L’oxydation en anaérobiose du thiosulfate en tétrathionate a été récemment démontrée dans

un groupe bactérien aérobie hétérotrophe obligatoire avec Pseudomonas stutzeri. L’équipe de

recherche du Laboratoire de Microbiologie de l’IRD Marseille a récemment démontrée, pour

la première fois, l’existence d’une activité thiosulfato-réductrice anaérobie due à des micro-

organismes non sulfato-réducteurs.

A partir de quatre sols de rizières situées en France et aux Philippines, cette équipe a isolé 18

souches de bactéries thiosulfato-réductrices non sulfato-réductrices, protéolytiques, n’utilisant

pas le glucose et produisant du sulfure en présence de thiosulfate et d’hydrogène.

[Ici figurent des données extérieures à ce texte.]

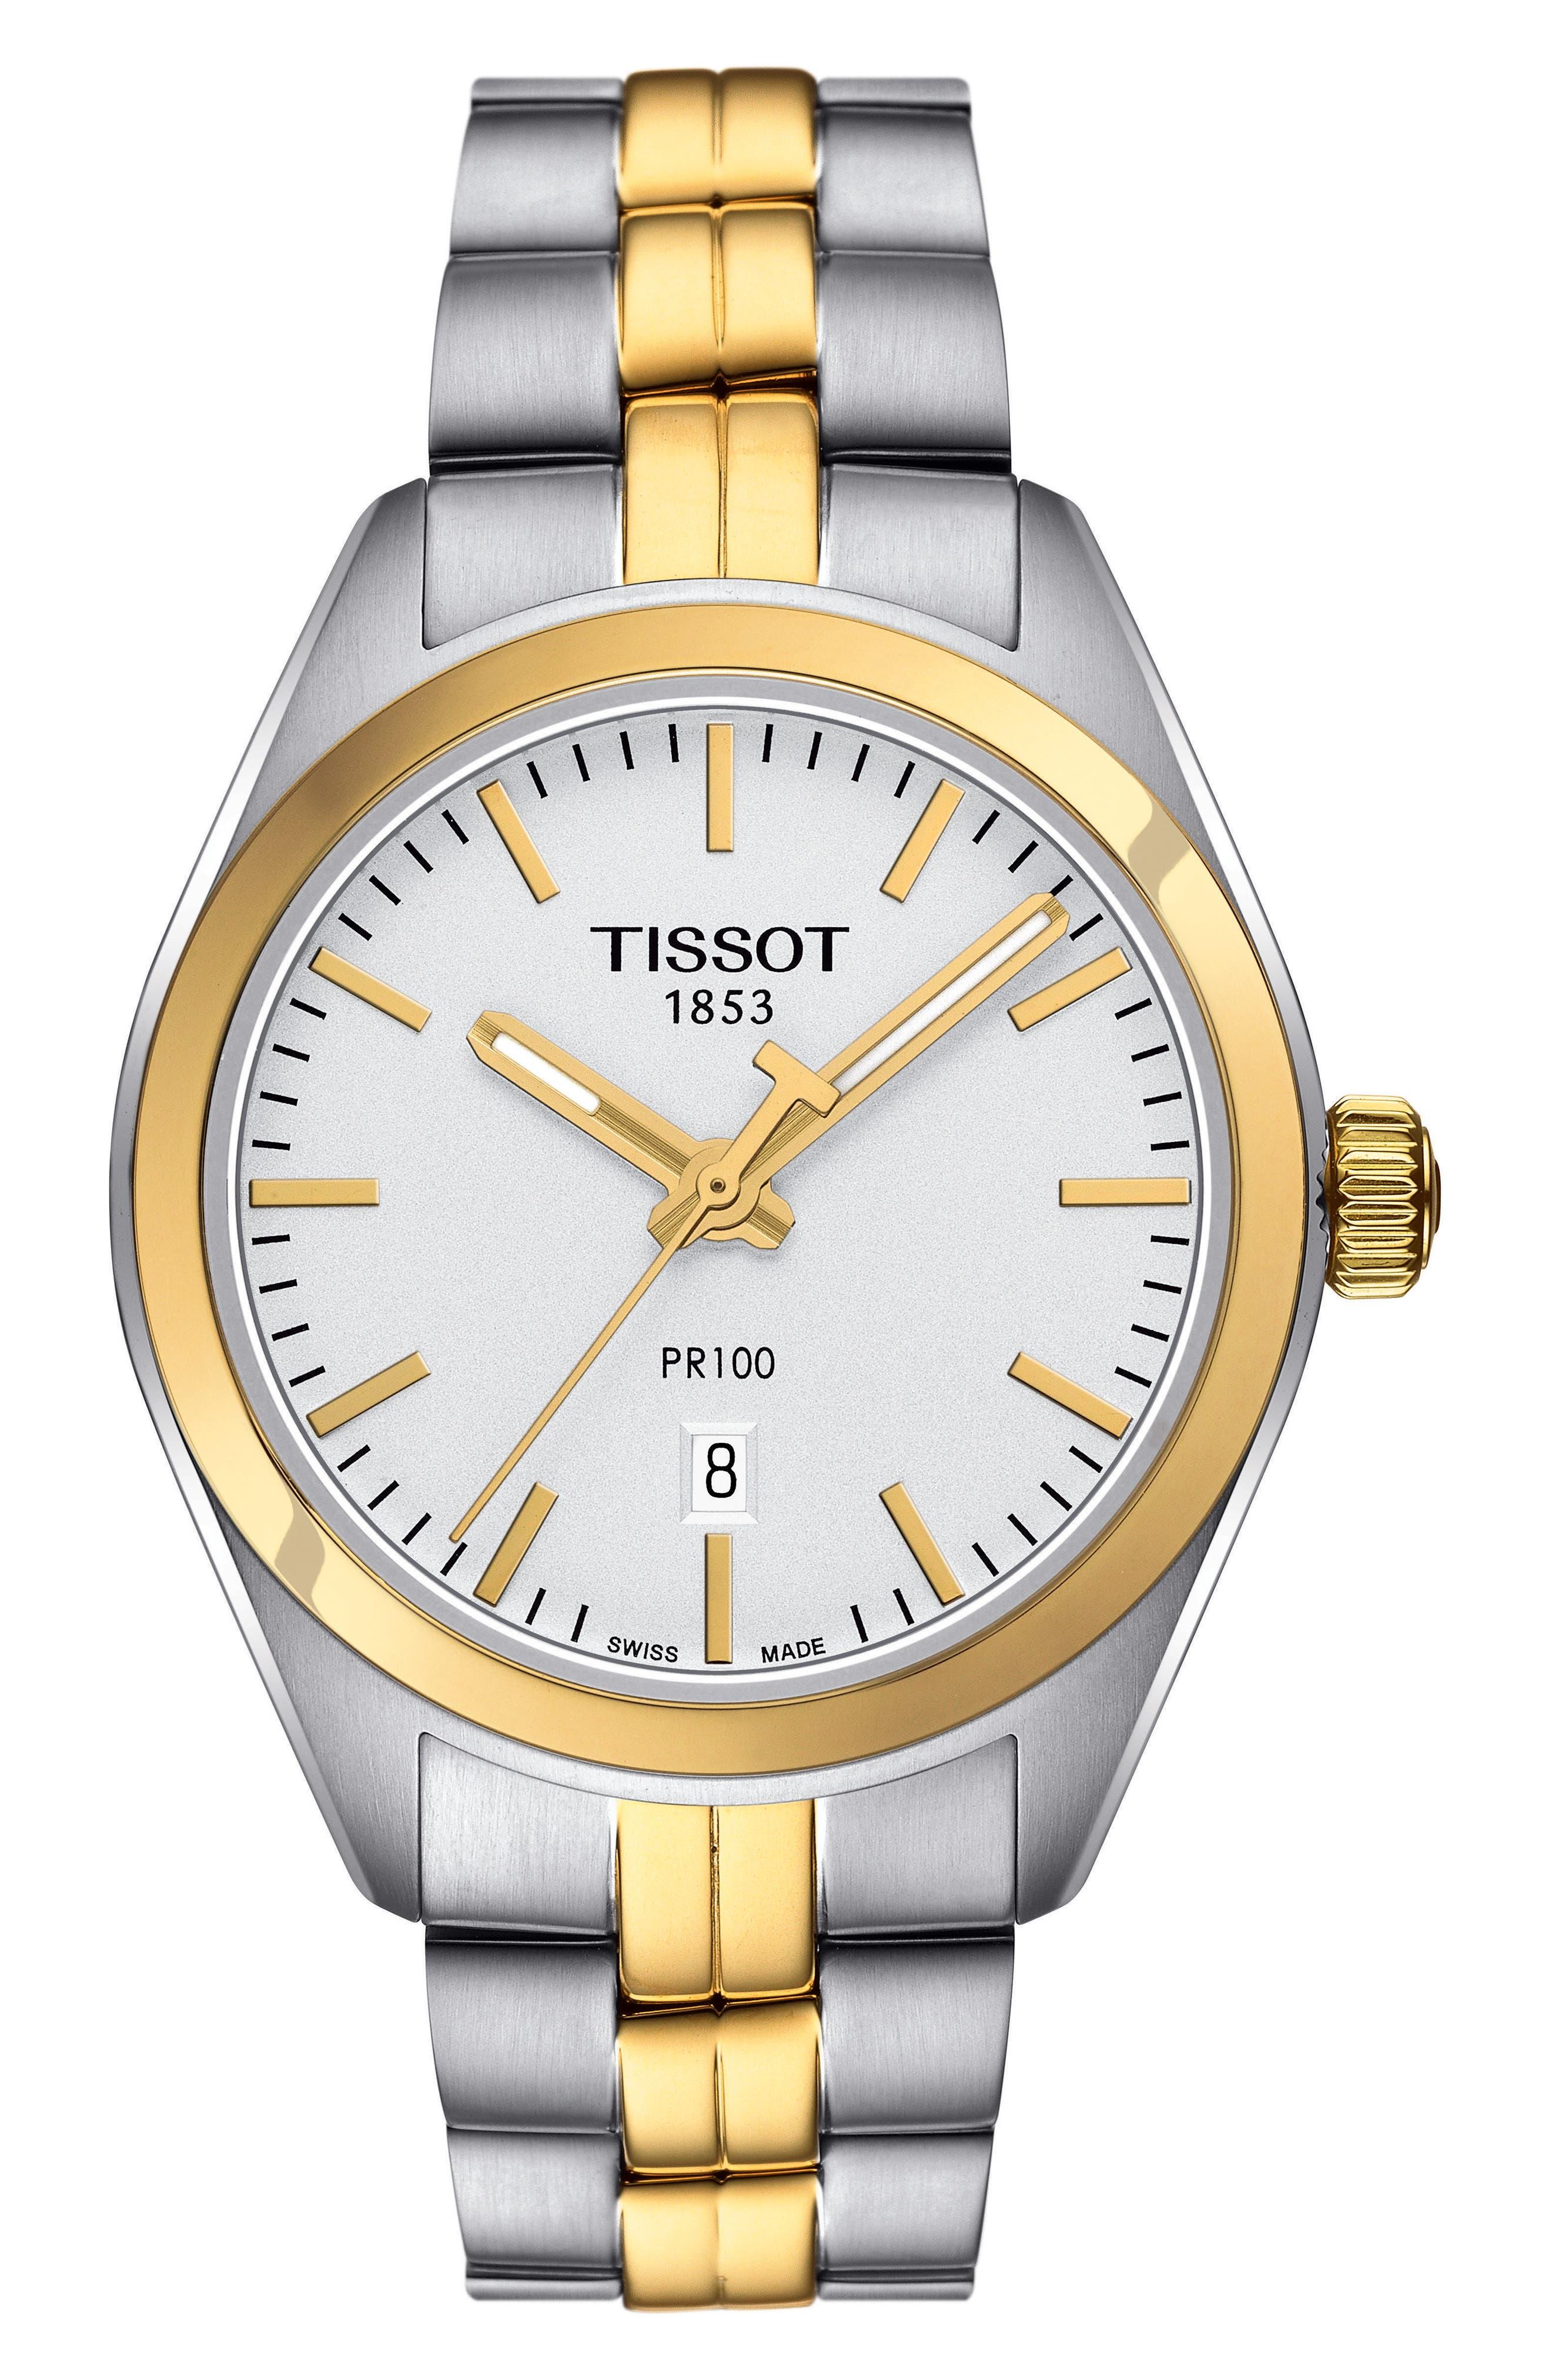 Main Image - Tissot PR100 Bracelet Watch, 33mm

La production de thiosulfate résulte de l’oxydation chimique du sulfite sous conditions

aérobies ou anaérobie. Il a été démontré que le thiosulfate joue un rôle intermédiaire au cours

du cycle des sulfures dans les sédiments marins . Dans les zones oxiques des sédiments, le

thiosulfate peut être oxydé par des espèces chimiolithotrophes (telle que Thiobacillus) en

acide sulfurique. L’oxydation complète ou la disproportionation du thiosulfate diminue

pendant que la réduction du thiosulfate augmente avec la profondeur des sédiments, ce qui

indique que la thiosulfato-réduction est un processus biologique significativement important

en environnement sédimentaire anoxique.( tétrathionate S4O62-, Sulfite SO3

2-)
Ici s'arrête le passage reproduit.